Microscopic Dynamics of Roughening in Copper Electroplating

铜电镀粗化的微观动力学

• 批准号: 9815067
• 负责人: Dale Barkey
• 金额: $ 18.33万
• 依托单位: University of New Hampshire
• 依托单位国家: 美国
• 项目类别: Standard Grant
• 财政年份: 1999
• 资助国家: 美国
• 起止时间: 1999-01-15 至 2002-06-30
• 项目状态: 已结题
• 来源: https://www.nsf.gov/awardsearch/showAward?AWD_ID=9815067&HistoricalAwards=false
• 关键词: Microscopic; Dynamics; Roughening; Copper; Electroplating

Electroplated copper is used in the fabrication of microelectronic devices. Because of its superior conductivity and scalability, it is likely to replace aluminum alloys for on-chip interconnects. The engineering design and control of plating processes rely on surface-active additives. This project is an experimental study of chemical and molecular surface processes, which determine the microscopic properties of the plated surface. Chloride ion and dissolved oxygen will be used as model additives in a first step toward generalizing the impact of surface processes on the organization of material on the sub-micron level during crystal growth. The central work of the project will be the quantitative measurement and analysis, by in-situ atomic-force microscopy, of the dynamic surface properties of homoepitaxial deposits on copper single crystals and on vapor-deposited seed layers during plating and at open circuit. The rates of change of key features will be used to evaluate surface processes, particularly nucleation, point of discharge, and surface diffusion, as they depend on deposition parameters and the presence of additive films. A rotating ring-disk electrode will be used to study the surface chemical regime and its relationship to the growth mechanisms. Exploratory work to determine the interactions of inorganic components with organic additives will be initiated.

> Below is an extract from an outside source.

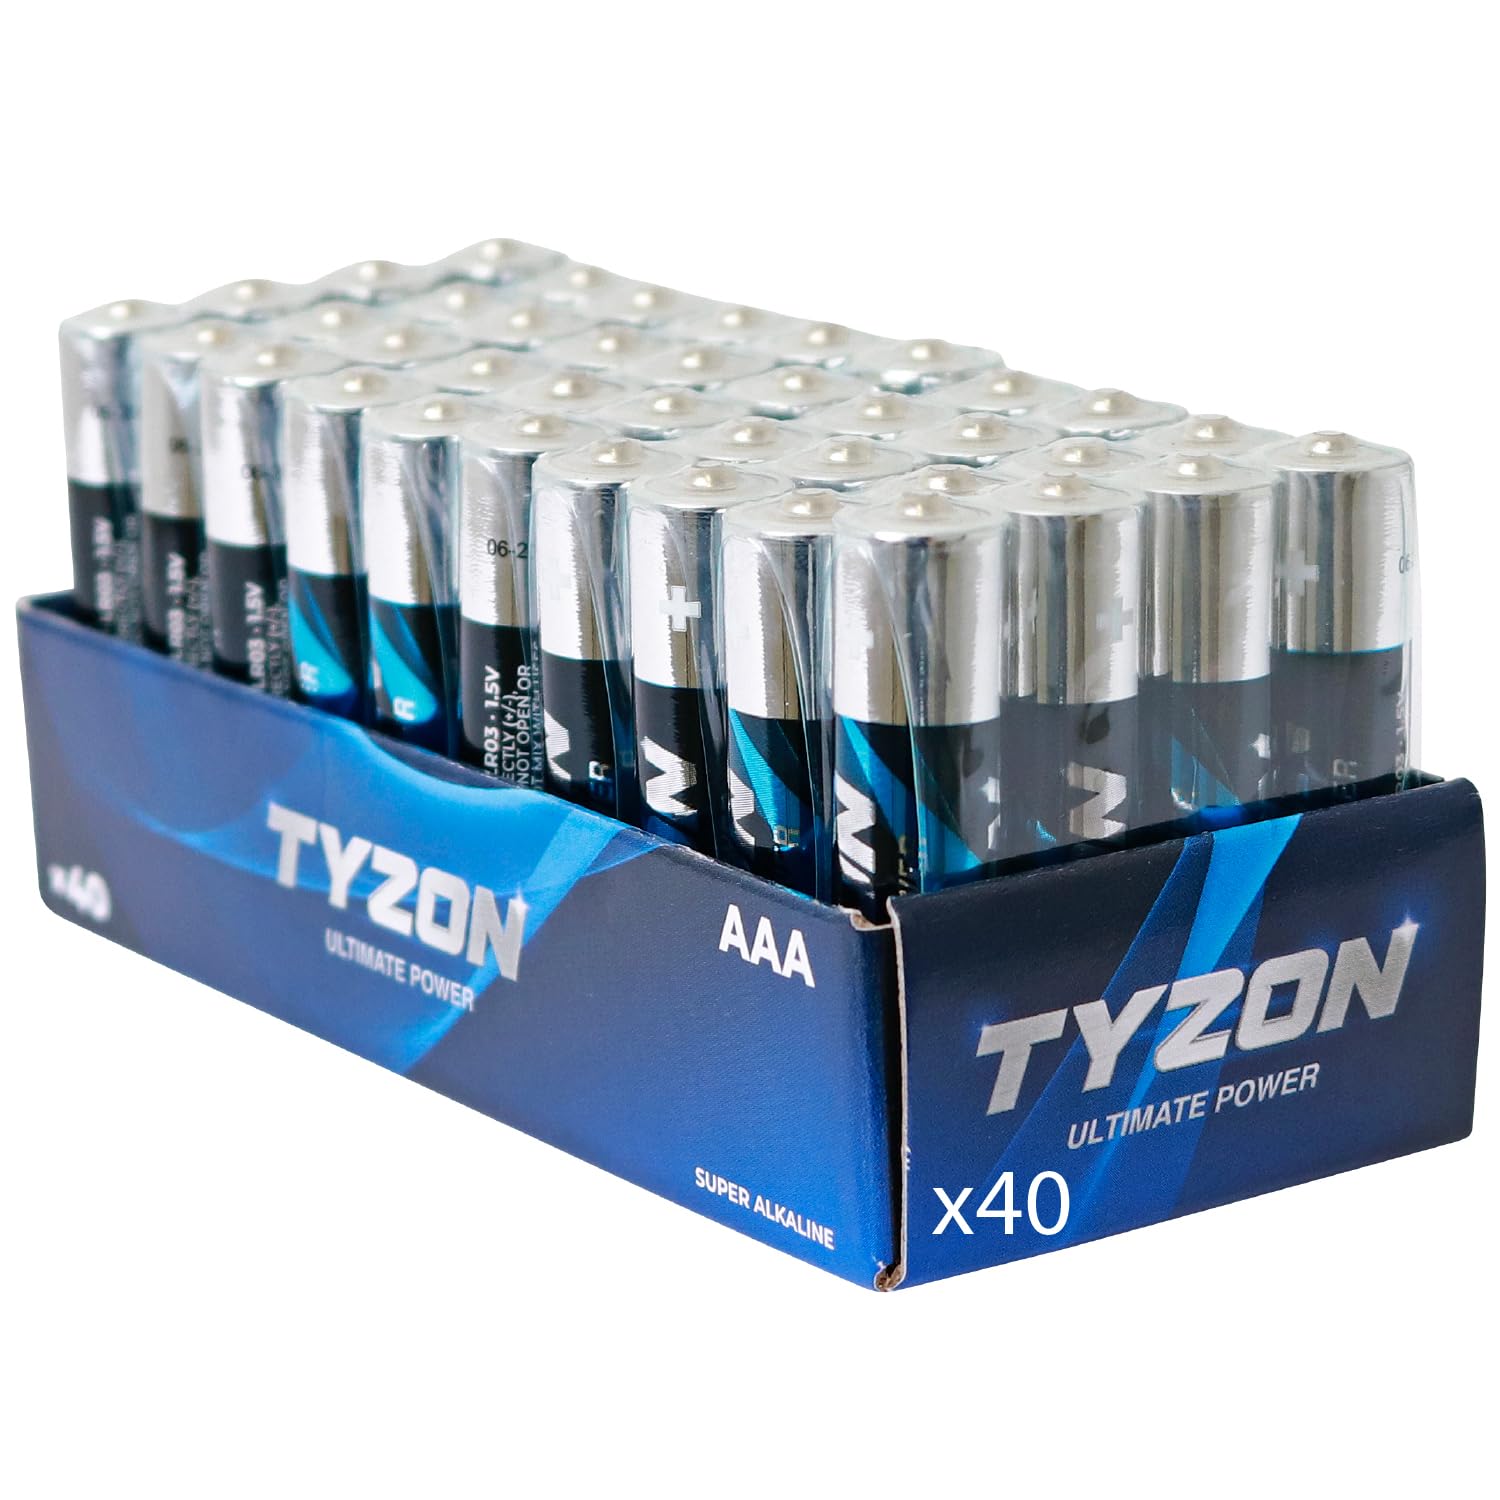 Classique Tyzon® Piles Alcalines AAA 1,5 V, Pack de 40 – Durables & Haute Performance, Idéales pour Appareils Ménagers et Électroniques ZAHswkKC2 stylé

电镀铜用于制造微电子器件。 由于其上级导电性和可扩展性，很可能取代铝合金用于片上互连。 电镀工艺的工程设计和控制依赖于表面活性添加剂。 该项目是化学和分子表面过程的实验研究，这些过程决定了电镀表面的微观特性。 氯离子和溶解氧将用作模型添加剂，这是概括晶体生长期间表面过程对亚微米级材料组织影响的第一步。 该项目的中心工作将是通过原位原子力显微镜定量测量和分析铜单晶和气相沉积籽晶层上同质外延沉积物在电镀期间和开路时的动态表面特性。 关键特征的变化率将用于评估表面过程，特别是成核、放电点和表面扩散，因为它们取决于沉积参数和添加剂膜的存在。 一个旋转的环盘电极将被用来研究的表面化学制度和它的关系的增长机制。 将开始探索性工作，以确定无机成分与有机添加剂的相互作用。